DMR Name Change:    

     Public Act 06-92 (HB 5478), An Act Concerning the Department of Mental Retardation, that passed the Connecticut State General Assembly this session and requires DMR to solicit input regarding a name change for the Department from clients and families receiving services provided by the department, advocates of persons with mental retardation and other interested parties. DMR is required to submit a report of findings and recommendations, including the cost of any recommended name change, to the Governor, the Office of Policy and Management and the Public Health Committee no later than January 1, 2007.   There is a new link on the DMR website with the most up to date information about this issue. http://www.dmr.state.ct.us/NameChange.htm.  As mentioned on the website, there are several opportunities for public input.
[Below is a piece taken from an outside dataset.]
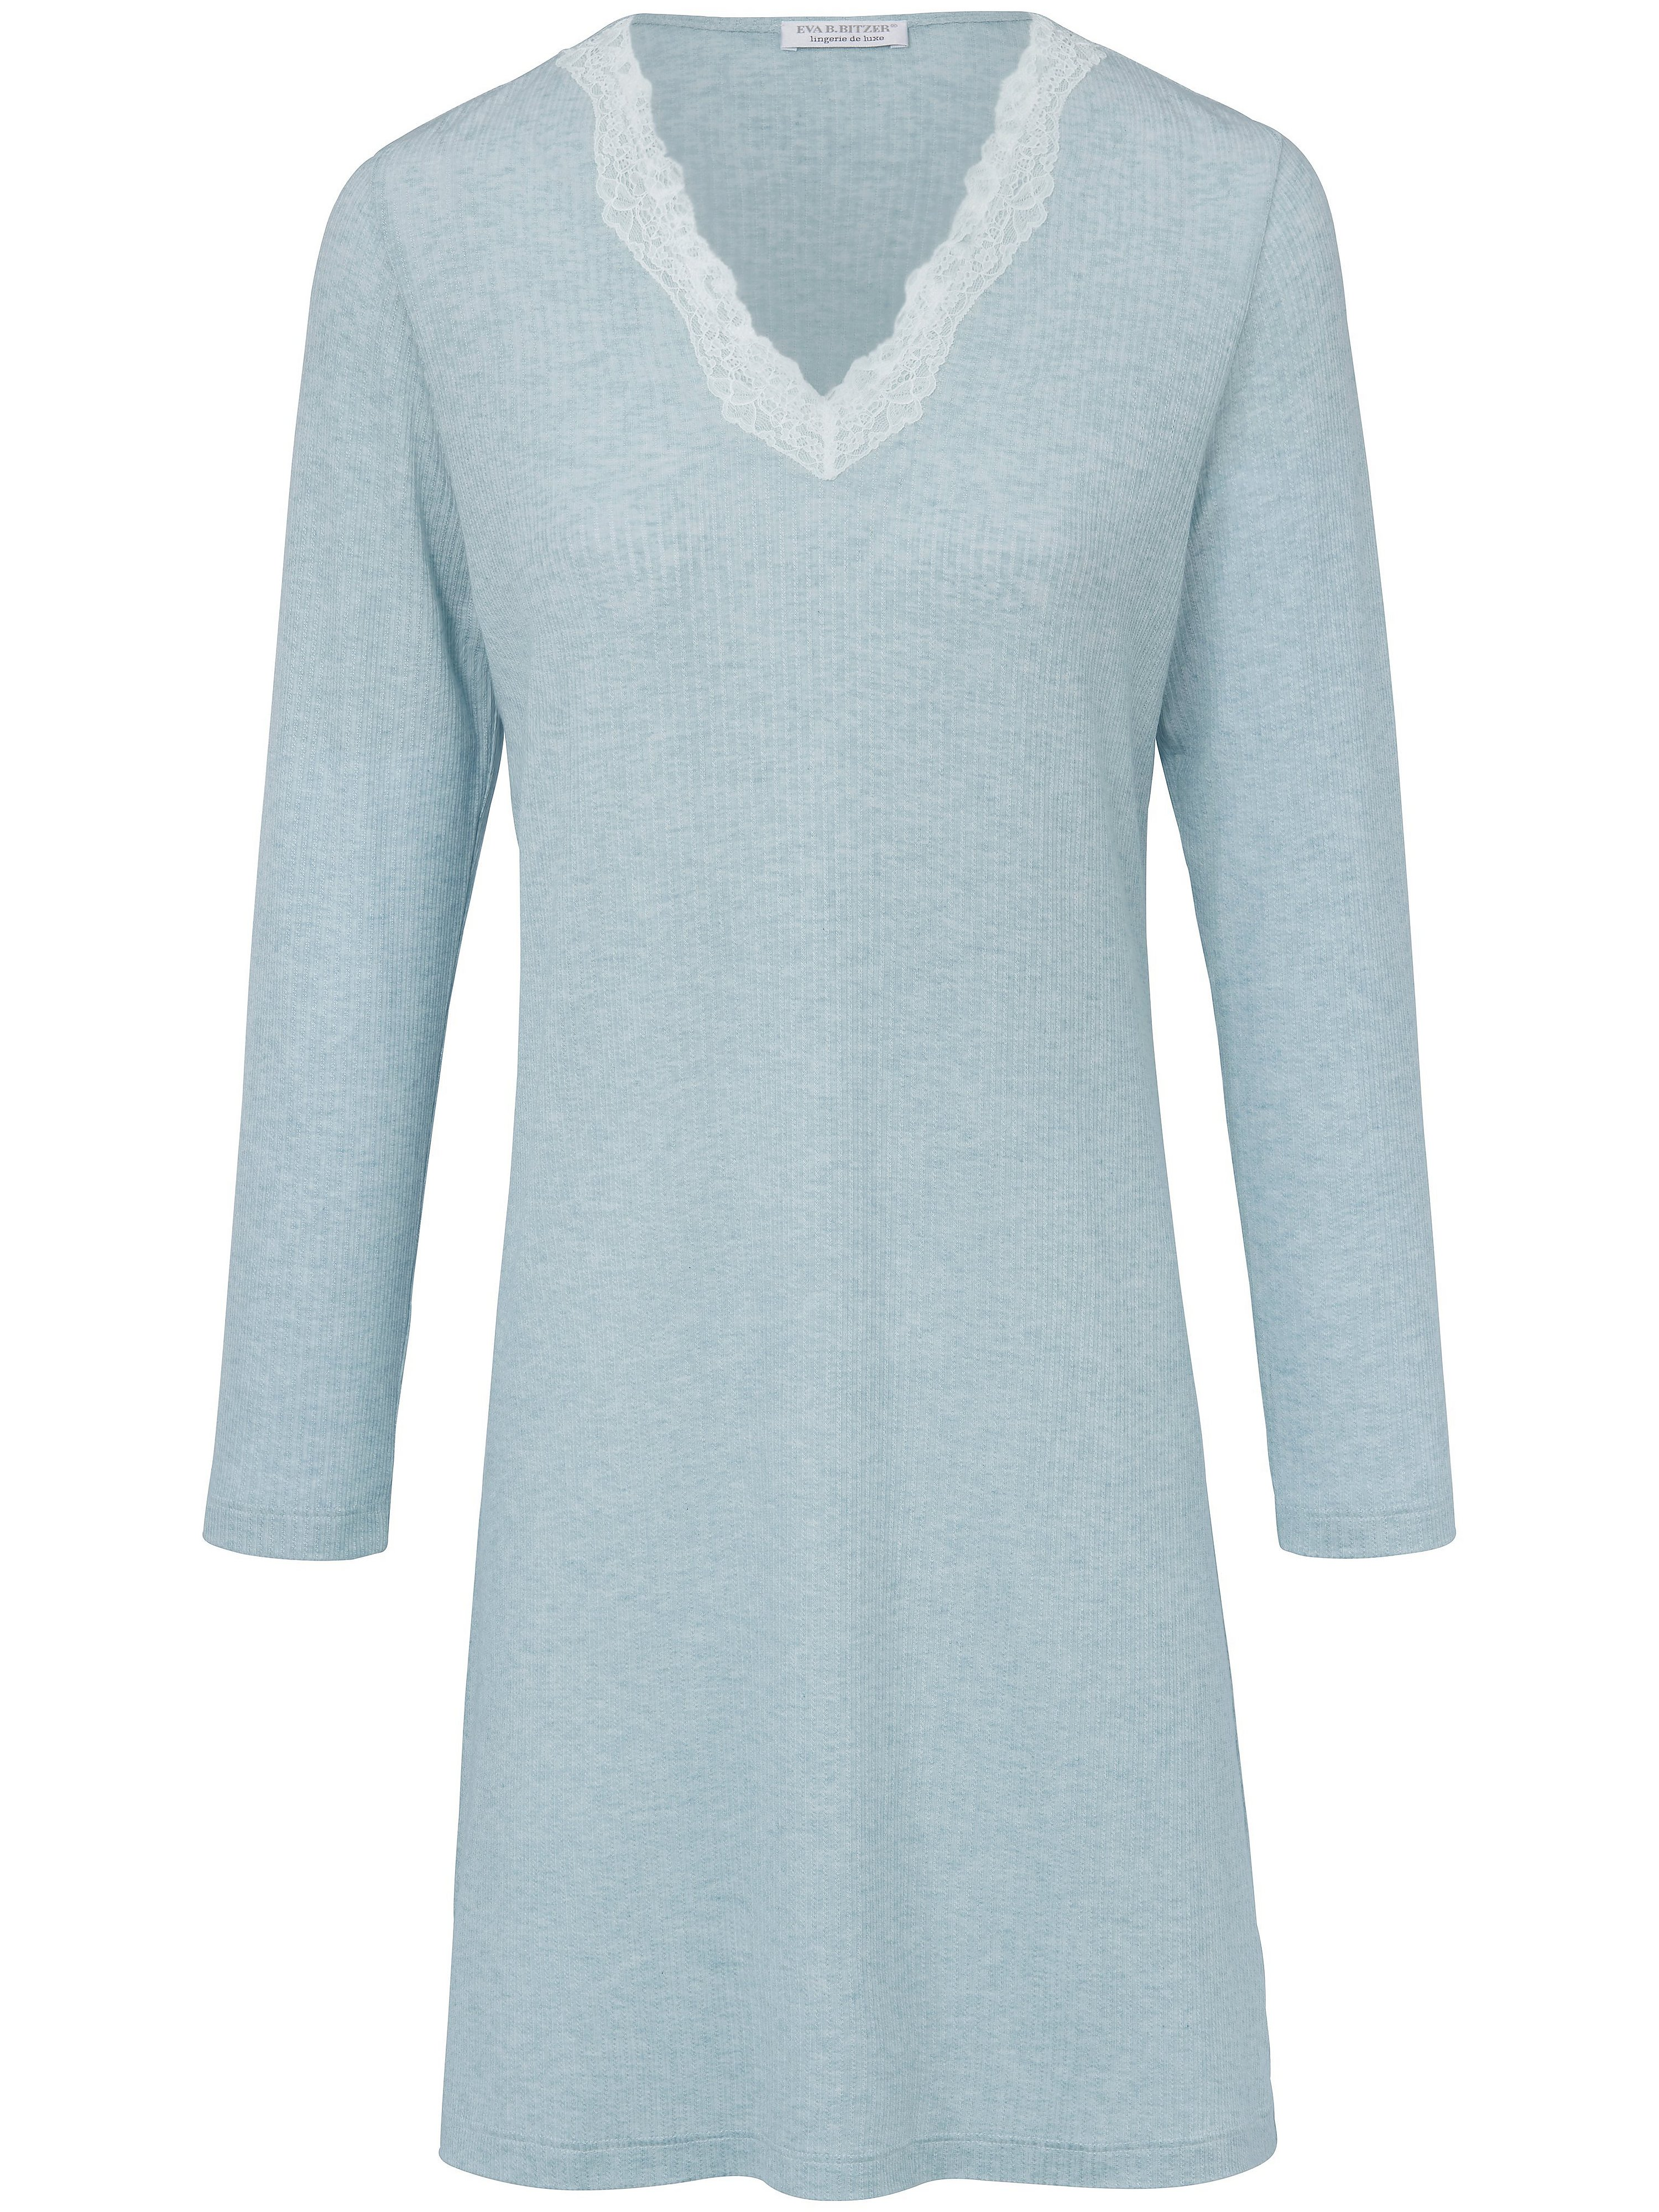 La chemise nuit  Eva B. Bitzer bleu taille 40
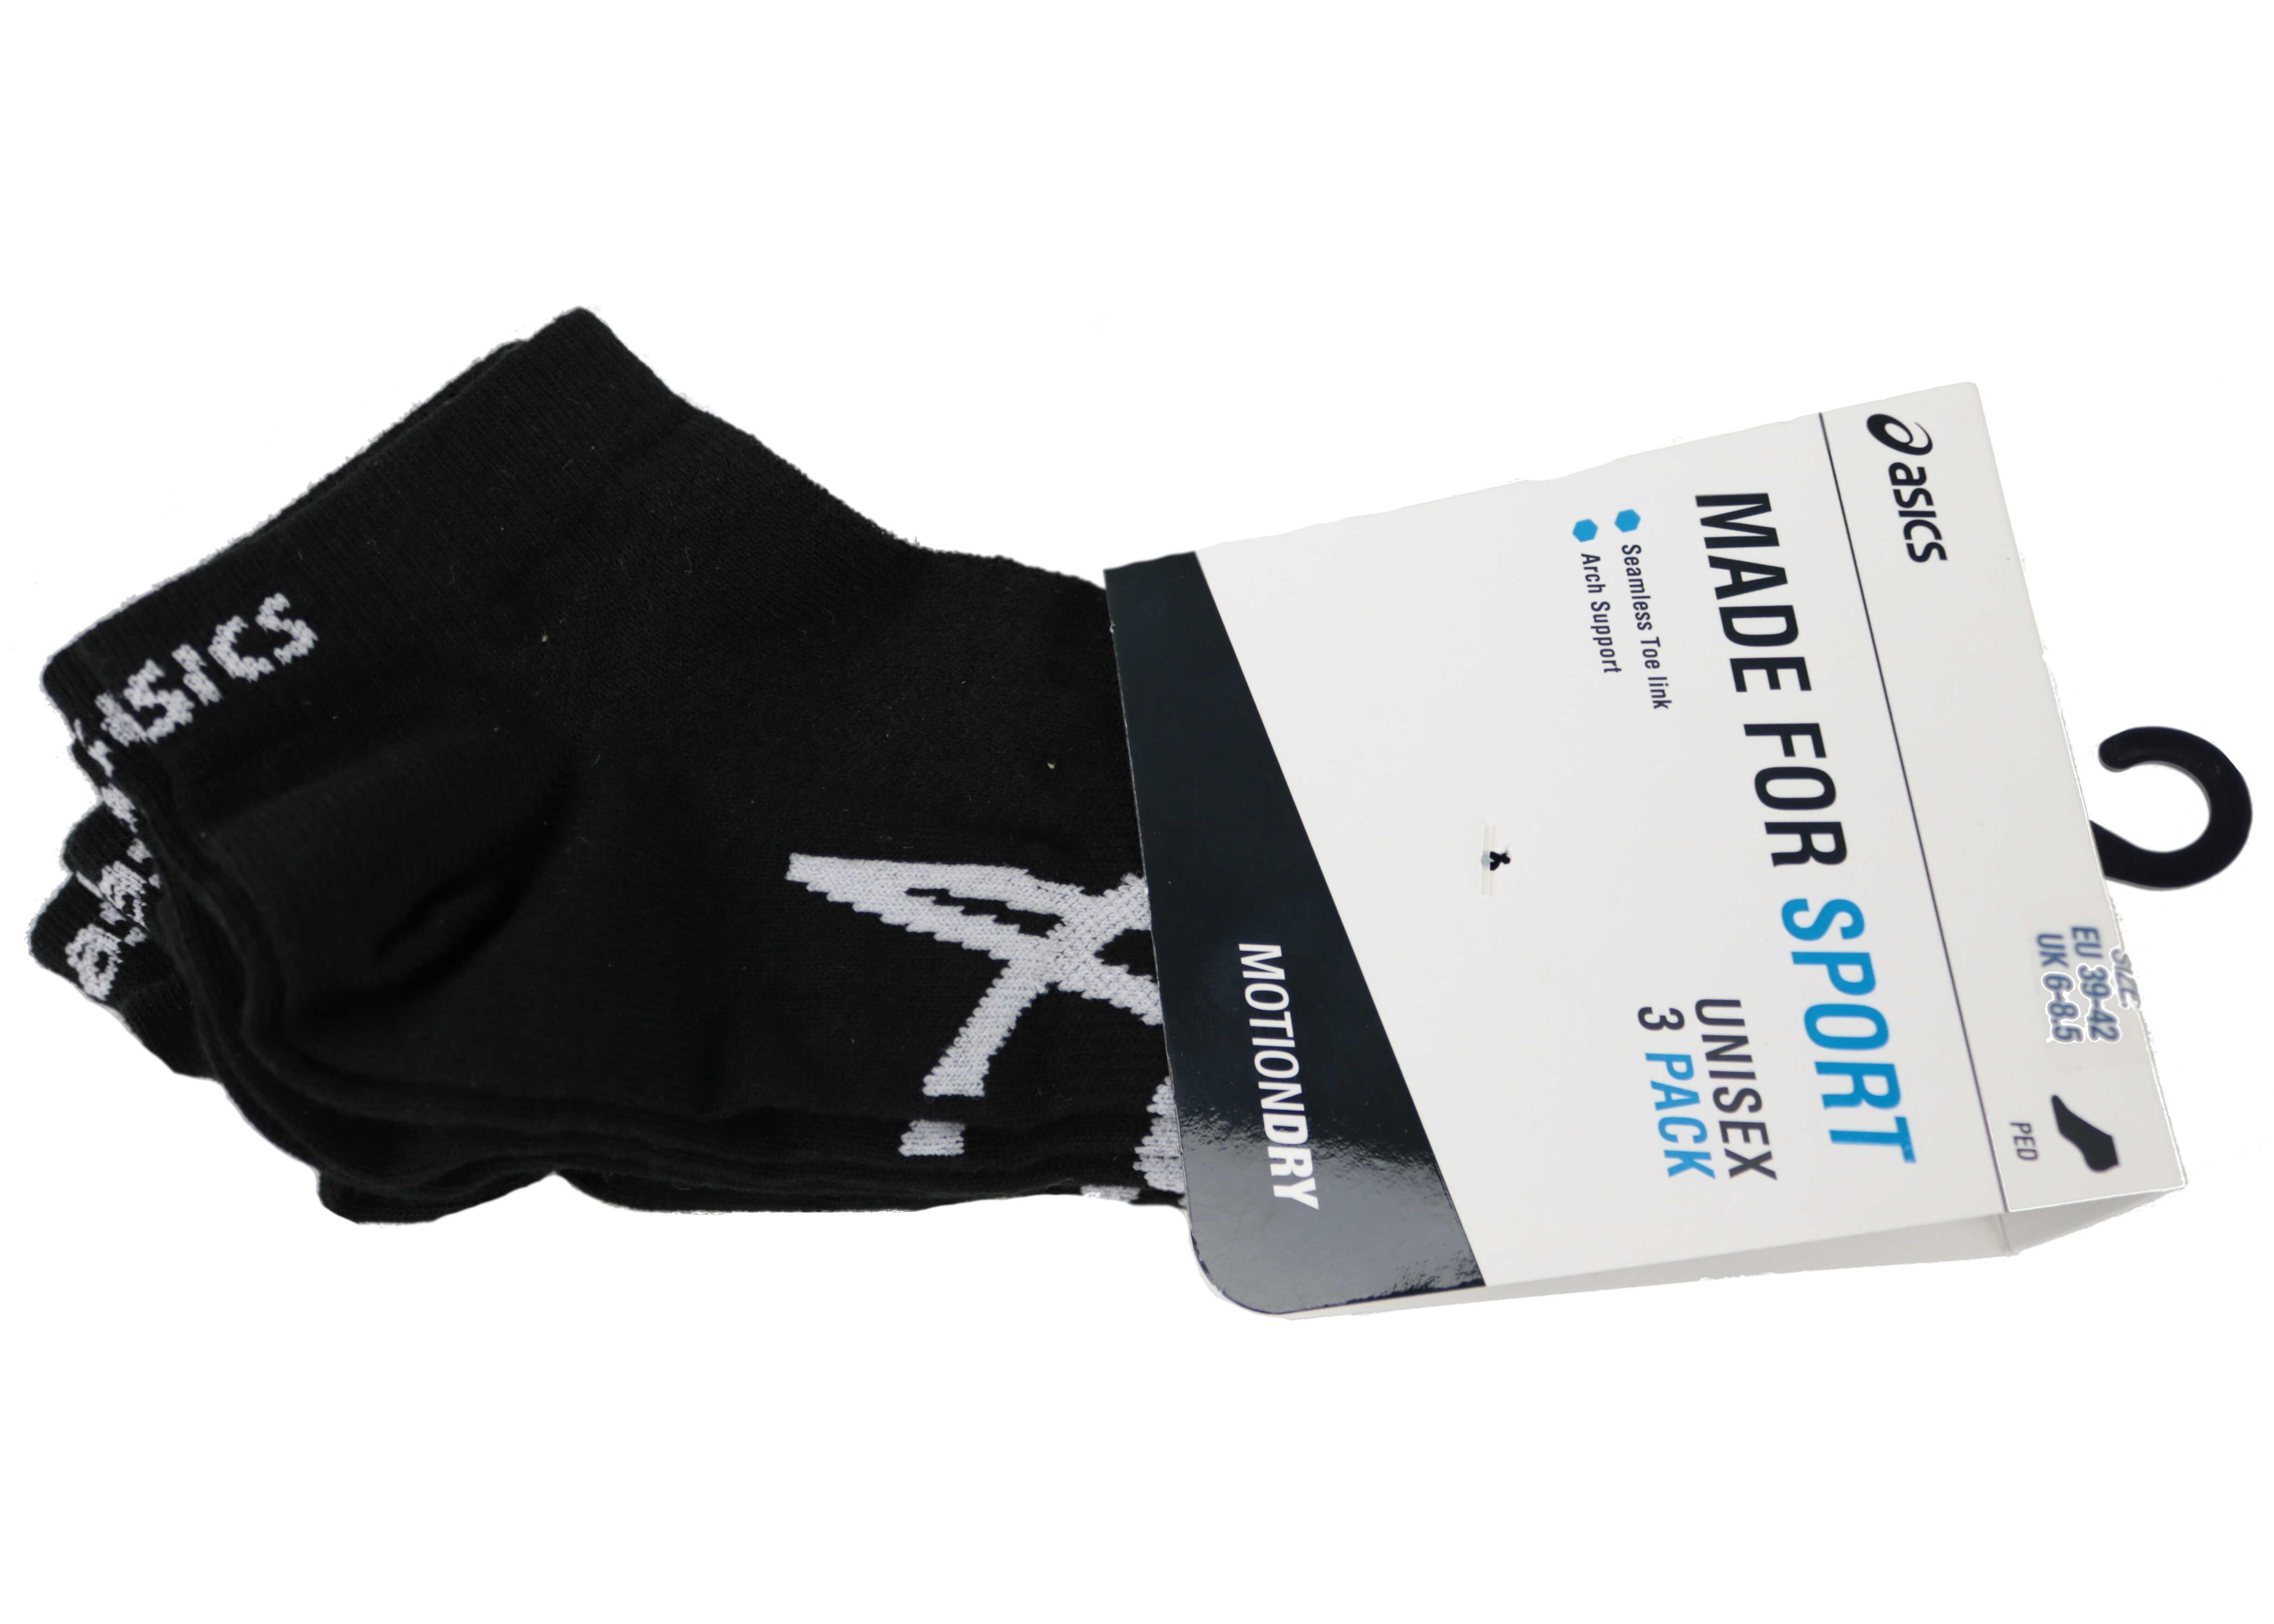 ASICS 3PPK Ped Sock Black

The CT Council on Developmental Disabilities has graciously offered to host a Weblog regarding the potential name change for the Department of Mental Retardation. The Department has designed a questionnaire to gather input, available on the DMR website.  There will also be a statewide public forum in September 2006 at the Legislative Office Building in Hartford.  The department has commenced outreach efforts to gather as much input as possible on this important issue.

 

Birth to Three Program:

     The Department of Mental Retardation (DMR) published a Request for Proposals to conduct a

Unit Cost Study and to subsequently make rate recommendations for the Connecticut Birth-to-

Three Program. Solutions Consulting Group, LLC of Maine was the successful bidder for this

service. The purpose and design of the cost study was to gather sufficient information to address a

variety of issues including the potential for differential rates for geographic location, differential

rates for programs delivering specialty services to children who are deaf or hard of hearing,

supplemental rates for programs serving children with intensive service needs, and rates for

initial evaluation.  The legislature adopted most of the recommendations in the study resulting in a rate increase effective January 2007 as well as a one-time payment to providers to help offset the increase in gasoline costs since most services are delivered in the home. The Birth-to-Three System narrowed its eligibility in 2003 in order to achieve savings and maintain the entitlement status of the program.  As a result, 3.5 percent fewer children were served in FY06 than the previous year and referrals were down by 4 percent.  Expansion of eligibility continues to be a priority for those involved in the Birth-to-Three system as well as the Governor’s Early Childhood Cabinet.